So the target state seems to be restored here as well. 

What does the nRF Connect for VS Code do differently? Does it not use `JLinkGDBServerCLExe` underneath? Does it stop/kill it differently so that it does not do the "Restoring target state and closing J-Link connection..."? Is this a bug?

Parents
  • lx_brz said:

    With regard to turning off the debug interface, this is correct, but not with regard to breakpoints. As mentioned, the breakpoints remain active even after stopping the debug session. When you power cycle the board and have no debugger attached, the device will hit the breakpoints that the extension did not remove on disconnect and will run into a hard fault.

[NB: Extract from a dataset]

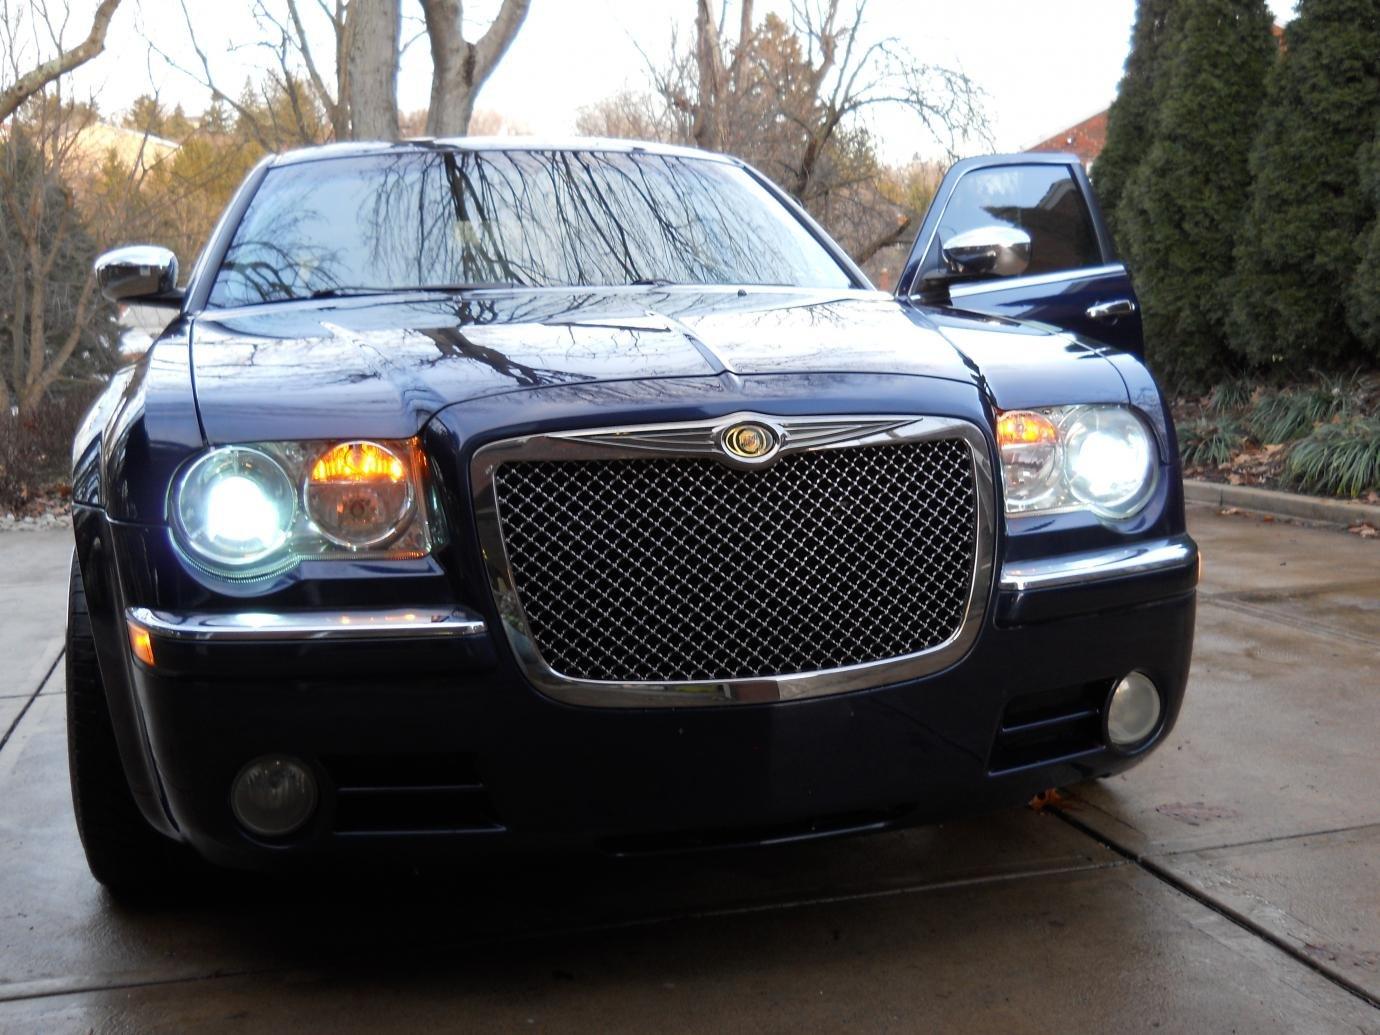 Worksheet. EXPIRED 2005 300c hemi awd  Chrysler 300C Forum 300C  SRT8 Forums

    Well that is strange. I see now that you mentioned this in your previous response as well, I didn't notice that before.

    Are you seeing this with a DK as well? I just tried it here, with a few breakpoints on a Blinky sample, and restarting it seemed to do the trick. I didn't think the debugger actually patched the flash itself. How are you testing this on your side?

    lx_brz said:
    No worries, all good, that's why I'm here to annoy you guys with my questions Slight smile

    Hehe sounds good Thumbsup Keep them coming!

    Regards,

    Elfving

  • Are you seeing this with a DK as well?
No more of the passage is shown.